#JúlioCésar: como defender a democracia?
A menos de três semanas da data marcada para a realização das eleições autárquicas portuguesas, estreou a peça #JúlioCésar, no Espaço Boutique da Cultura, em Carnide (Lisboa). A tragédia de William Shakespeare, originalmente apresentada em 1599, é alvo de uma adaptação em cena até dia 17 de Setembro.
A transposição — mais ou menos directa — de um clássico da literatura dramática para a realidade política e social contemporânea é uma fórmula commumente testada; e #JúlioCésar é uma das dramaturgias de Shakespeare que ao longo do último século mais têm sido alvo desta reapresentação à luz do contexto e dos desafios que cada dado momento histórico apresentam. É uma peça que problematiza a noção de cidadania e da democracia, e que questiona qual o papel e a forma que a responsabilidade individual e colectiva devem assumir no contexto da sociedade.

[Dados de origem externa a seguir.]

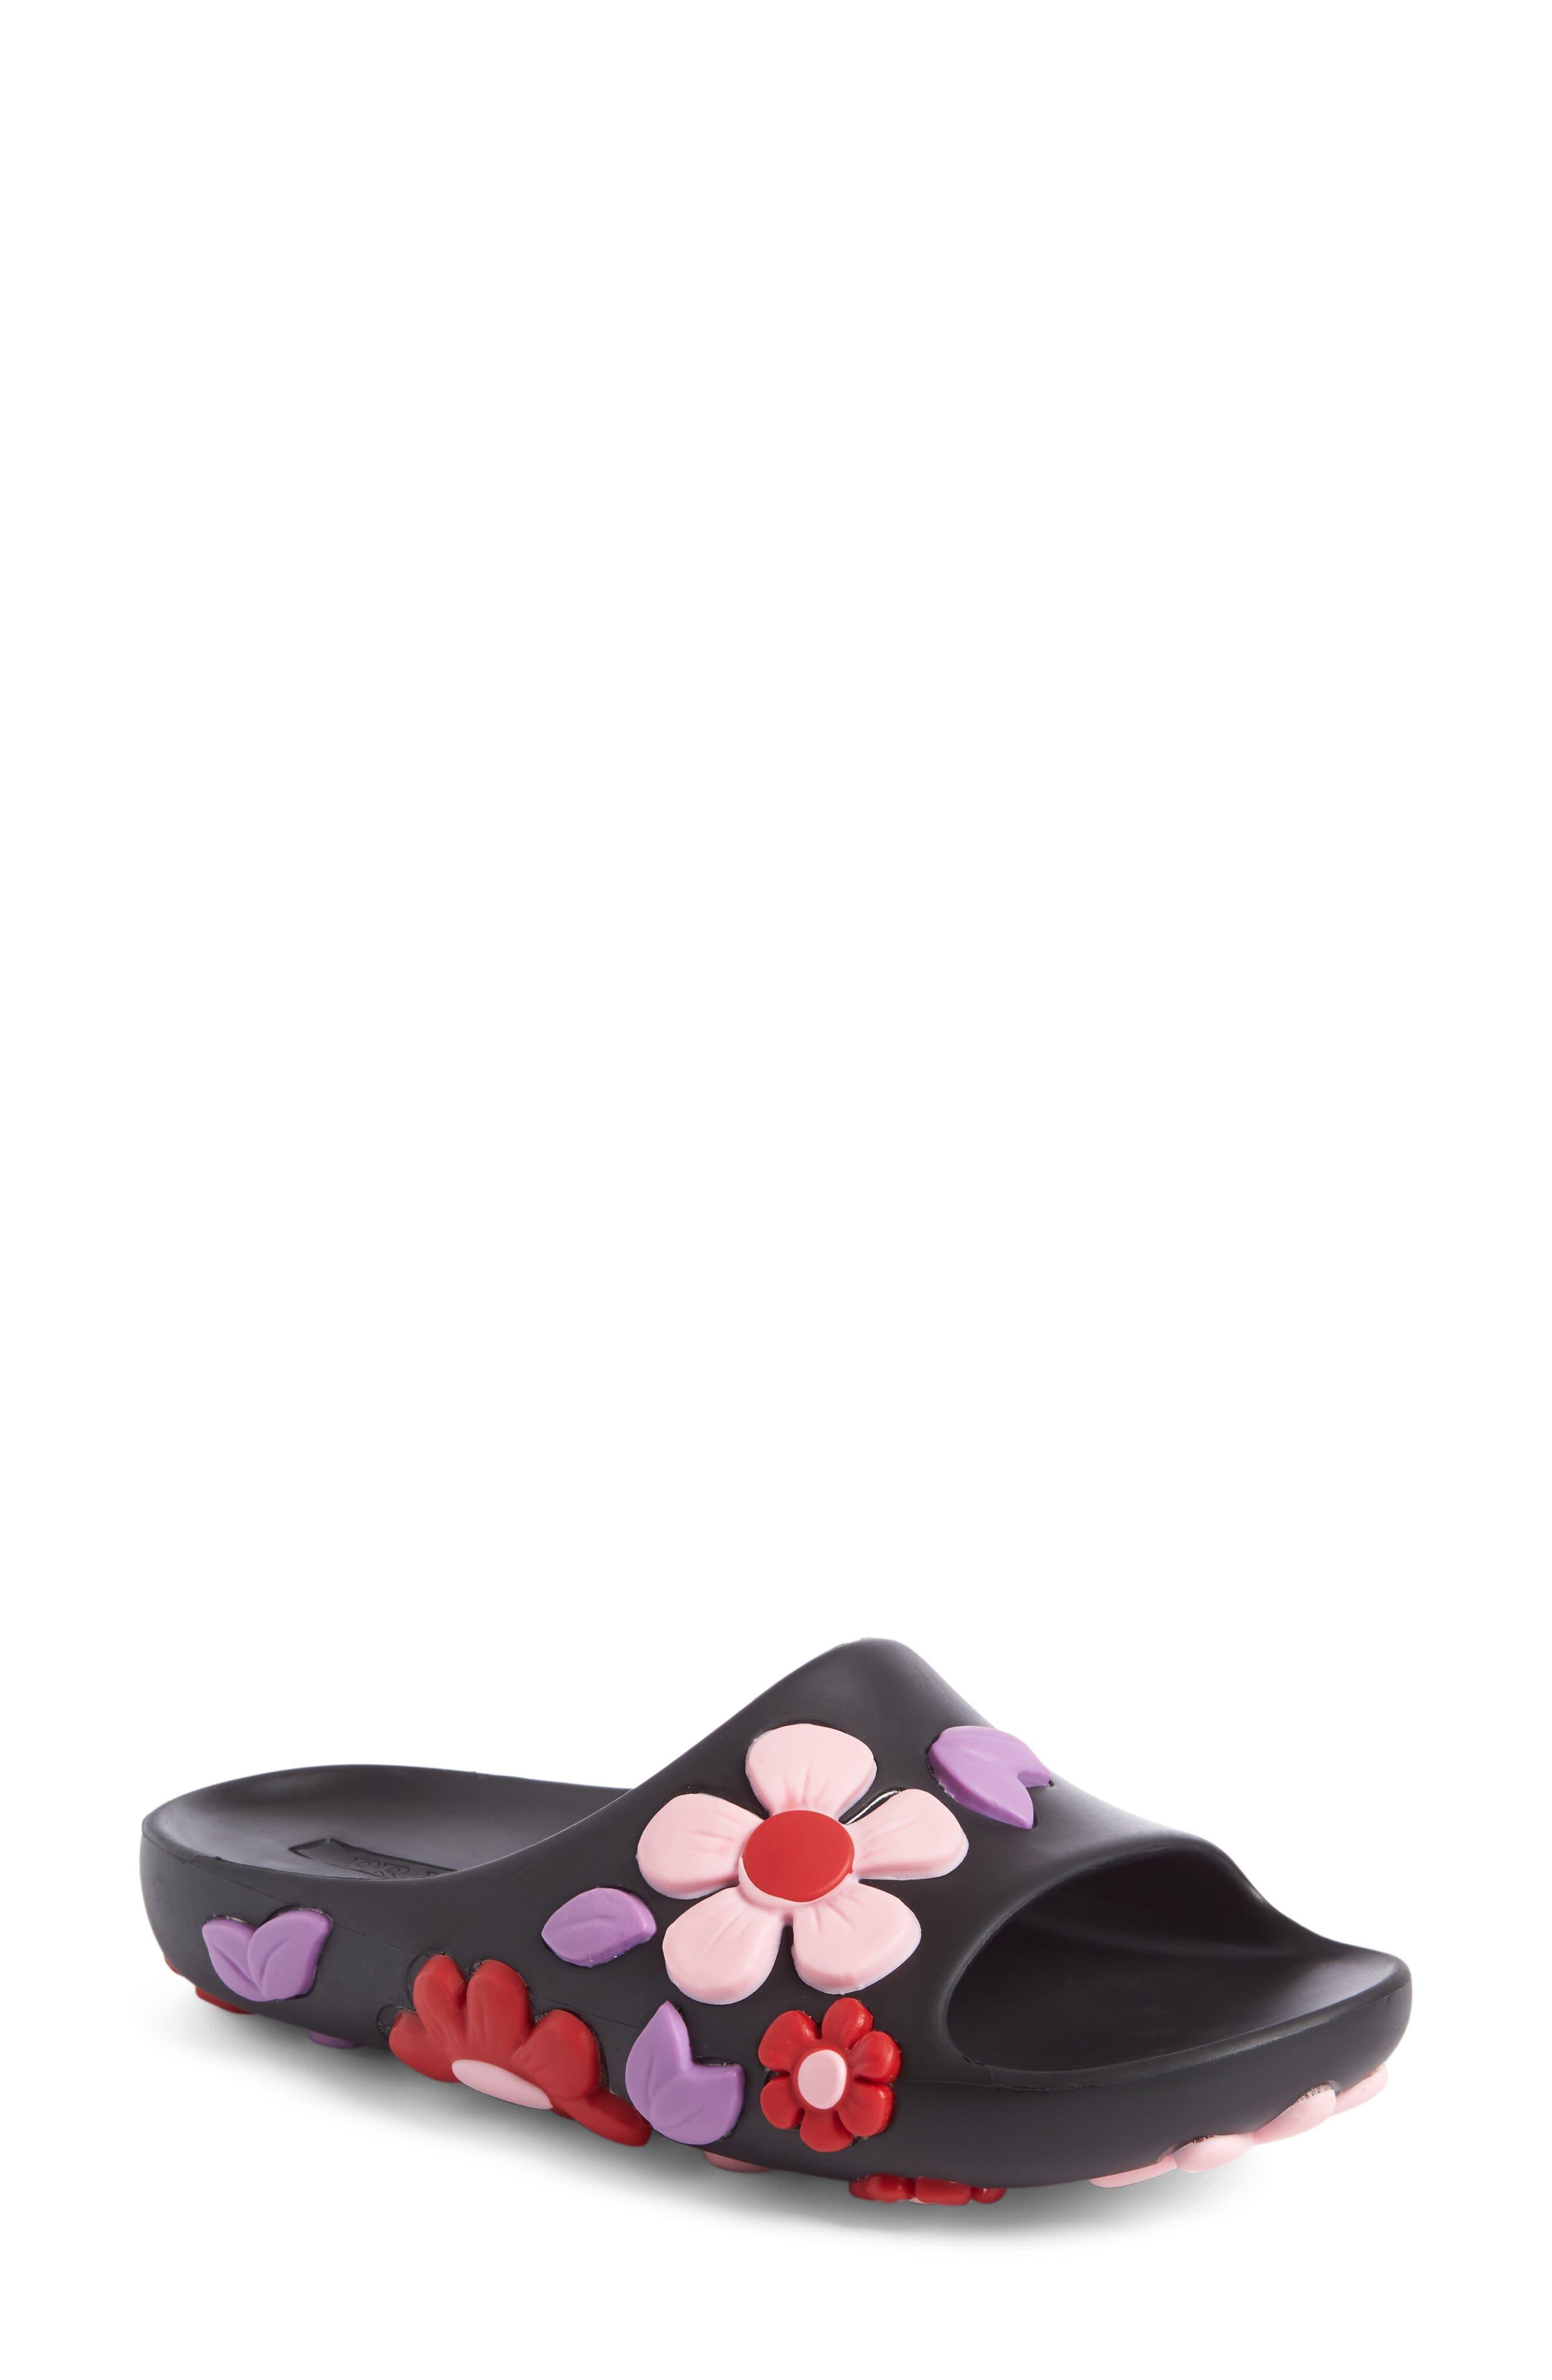 Floral Slide Sandal,                             Main thumbnail 1, color,                             001

Nesta adaptação da autoria de Manuel Jerónimo — encenador — opta-se pela alteração do tom do texto — a tragédia reapresentada como comédia. A abordagem humorística é relativamente simples e despretensiosa, caricaturando as personagens e os contextos do drama original e reapresentando-os por via de uma teatralidade imediata, física e particularmente enérgica.

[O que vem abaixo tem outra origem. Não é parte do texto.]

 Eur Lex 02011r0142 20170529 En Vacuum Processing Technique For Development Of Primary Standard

O pontual excesso de expansividade na expressão vocal e nos apontamentos caricaturados é compensado por uma série de opções artísticas que resultam em termos coreográficos: o elenco, composto quase exclusivamente por actrizes a representar quase exclusivamente papéis masculinos, reorganiza-se espacialmente com uma cadência hipnotizante, fazendo lembrar as formações militares romanas. Em cenas alternadas, as actrizes ora se comportam como um colectivo indiferenciado ora se pessoalizam e encarnam personalidades distintas — alternância com que talvez cada um de nós se identificará, no papel que representa no espaço público.
Também a cenografia funciona, na sua aparente simplicidade: painéis rolantes de papel, aos quais são dados os mais criativos usos ao longo da peça, rearranjando-se e compondo espaços visualmente sugestivos. Estes cenários provisórios são capazes de enquadrar cenas de tensão, violência, intimidade, tristeza e de euforia. Lugares efémeros que dão palco a interpretações expressivas e, não raro, hilariantes. Sentimo-nos entretidos praticamente do início ao fim.
As referências mais explícitas à contemporaneidade — as redes sociais, as selfies, os telemóveis, e até o crescimento da expressividade eleitoral da extrema-direita em Portugal (“perdão, em Roma”, corrige de imediato a personagem) — facilitam a compreensão da transposição histórica ali representada. Mas no final de #JúlioCésar o foco não está tanto nas conclusões imediatas nem em hipotéticas soluções, mas no contemplar dos resultados: quando a obstinação individual atropela a consciência do bem colectivo, mesmo que mascarada de boas e nobres intenções, está sentenciado o desastre comum.
O conflito versus a ponte: como defender a nossa democracia? Que acção nos cabe quando testemunhamos o perigo e pressentimos a instituição das injustiças? Algures no meio dos sorrisos e das gargalhadas entre o público, do inquieto bom humor que nos acompanha à saída da sala, algures nesse estado de espírito se encontra o esboço de um caminho: é ao questionarmo-nos que nos imaginamos e nos reescrevemos. E que bonita e livre será a oportunidade de participarmos, já no próximo dia 26 de Setembro, na construção colectiva deste espaço e tempo que é o nosso.